→ **YOUR GOAL**: Images are not part of the copy; write out the rest of the data exactly as given.

→ **DATA SHOWN**:

□ □ □

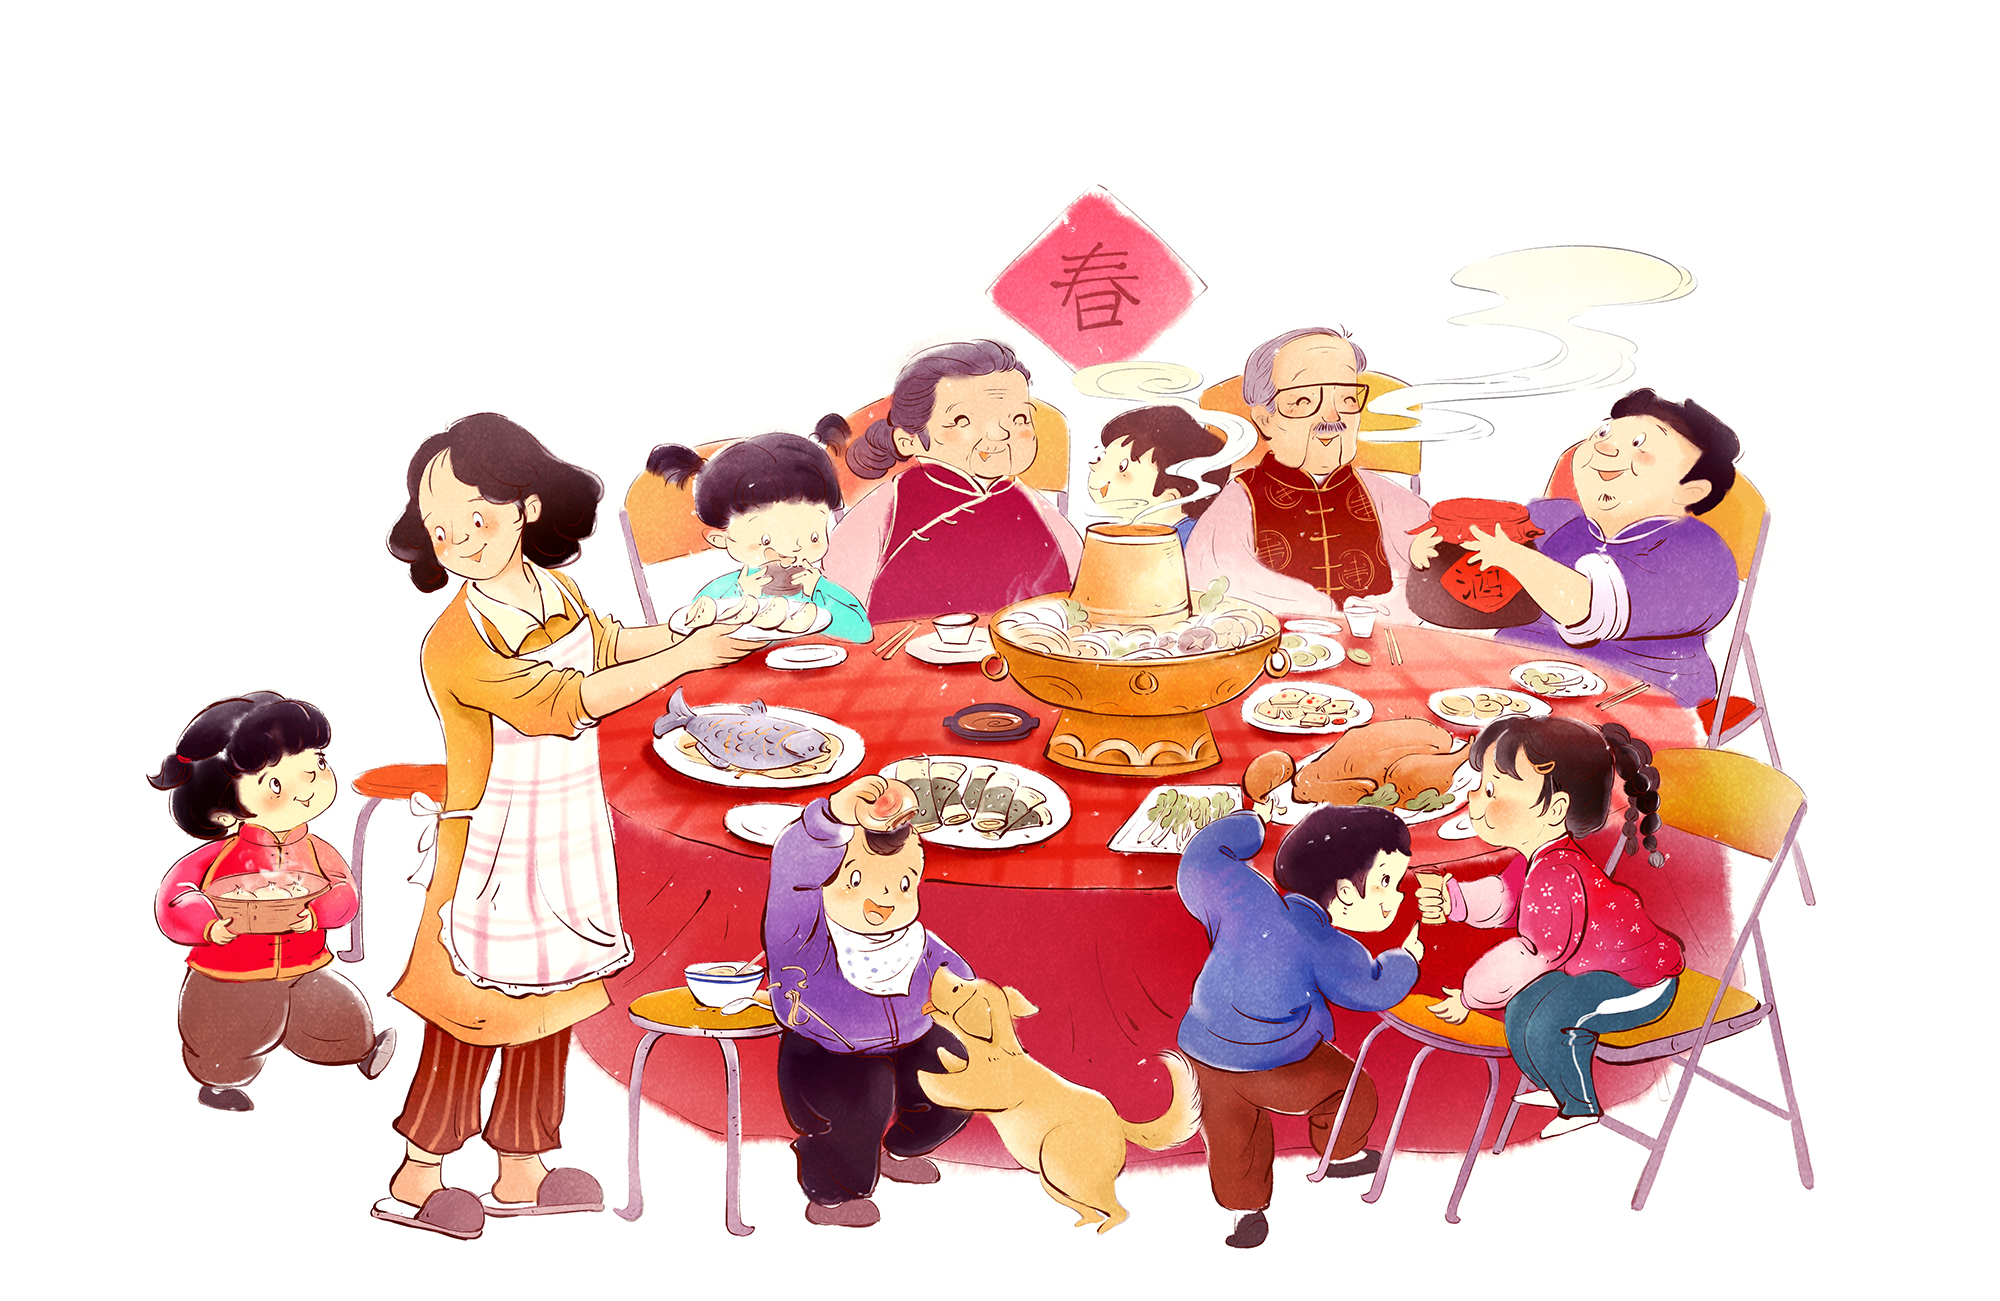 春节图画作品吃饭图片
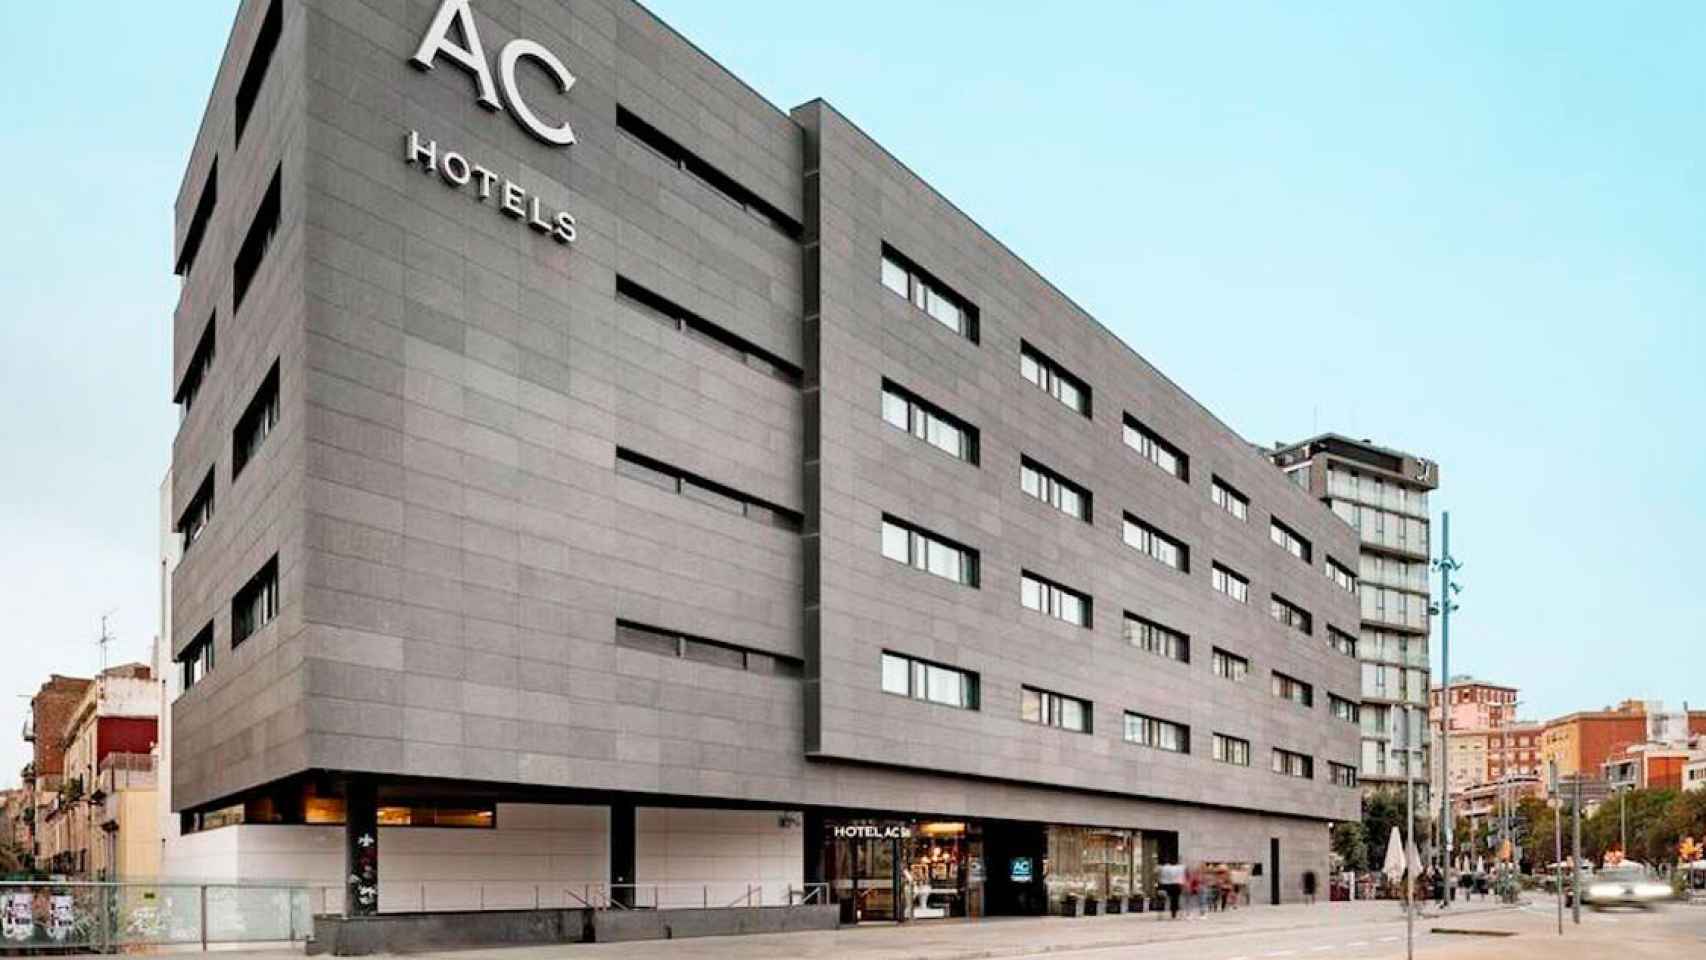 Imagen del hotel AC en el barrio de Sants, en Barcelona / Cedida
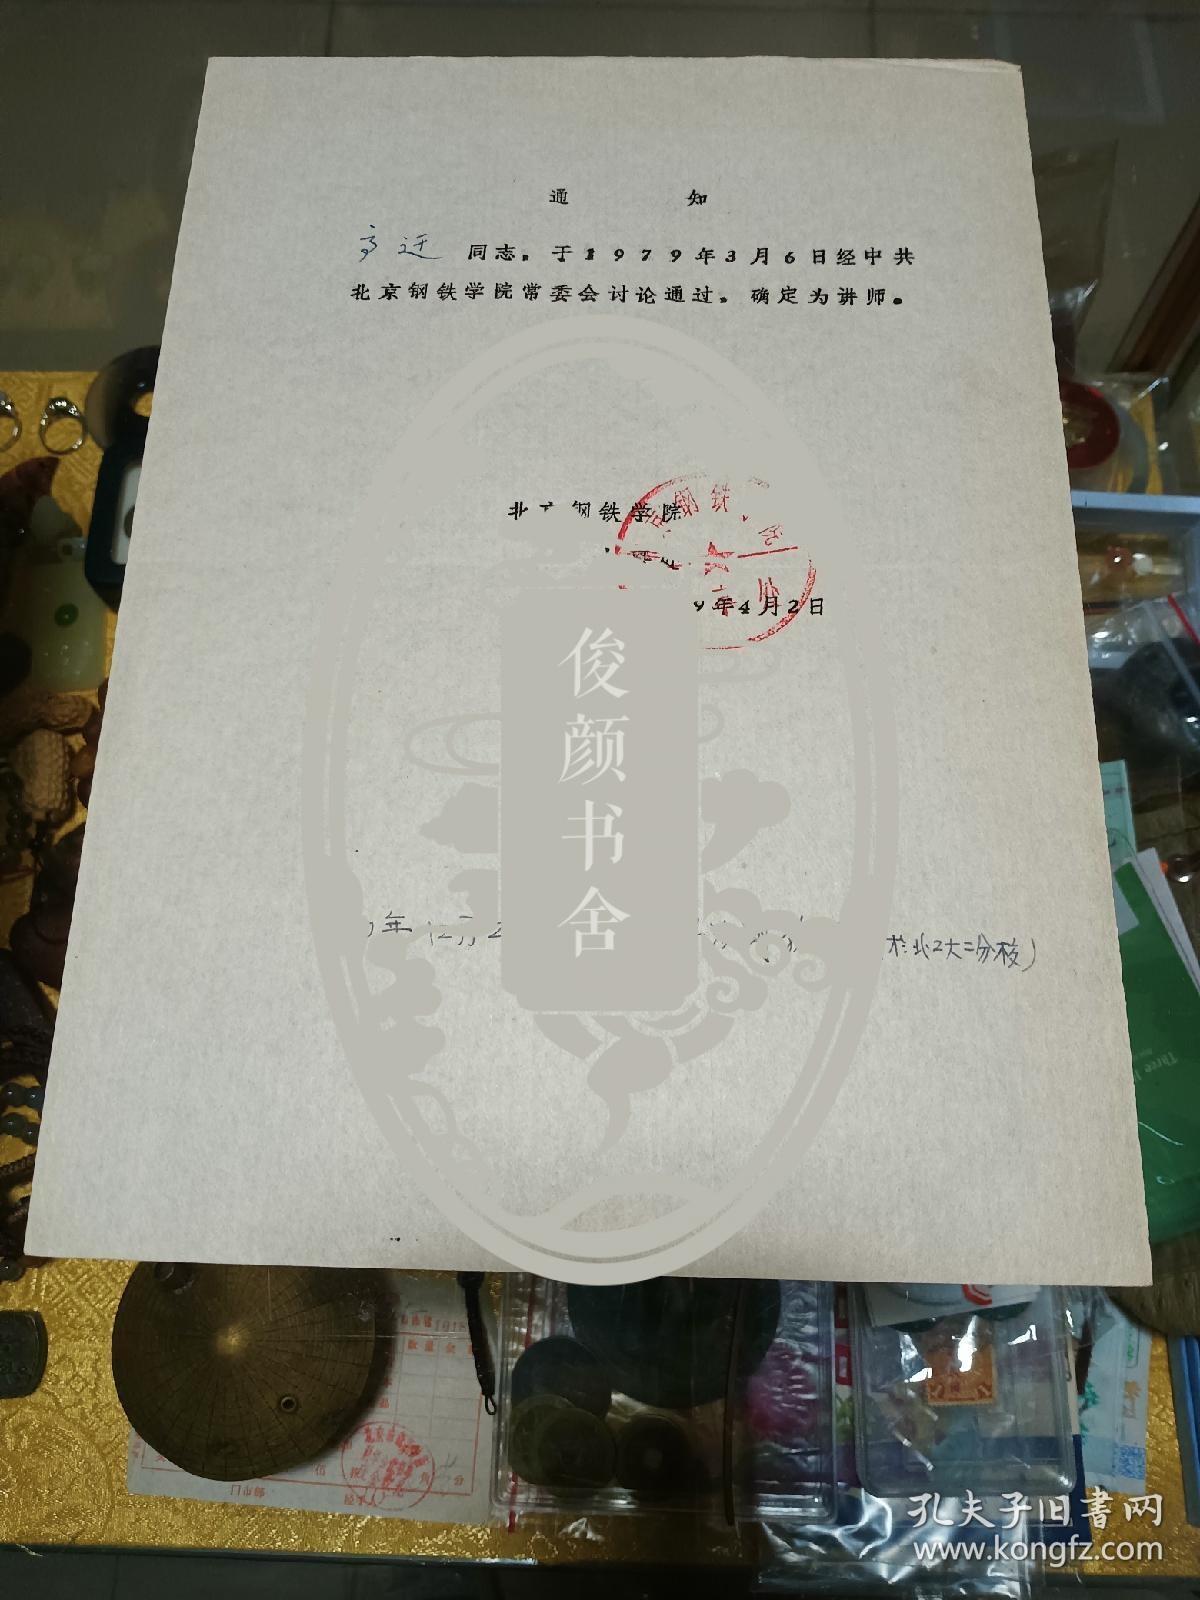 1979年北京钢铁学院通知书一份，品佳、油印、高迁数、钤北京钢铁学院人事处印、建国早期文献、值得留存！

□ □ □

→ **ANSWER TO THE EXERCISE**:
 春节图画作品吃饭图片
 Imagen del hotel AC en el barrio de Sants, en Barcelona / Cedida
 1979年北京钢铁学院通知书一份，品佳、油印、高迁数、钤北京钢铁学院人事处印、建国早期文献、值得留存！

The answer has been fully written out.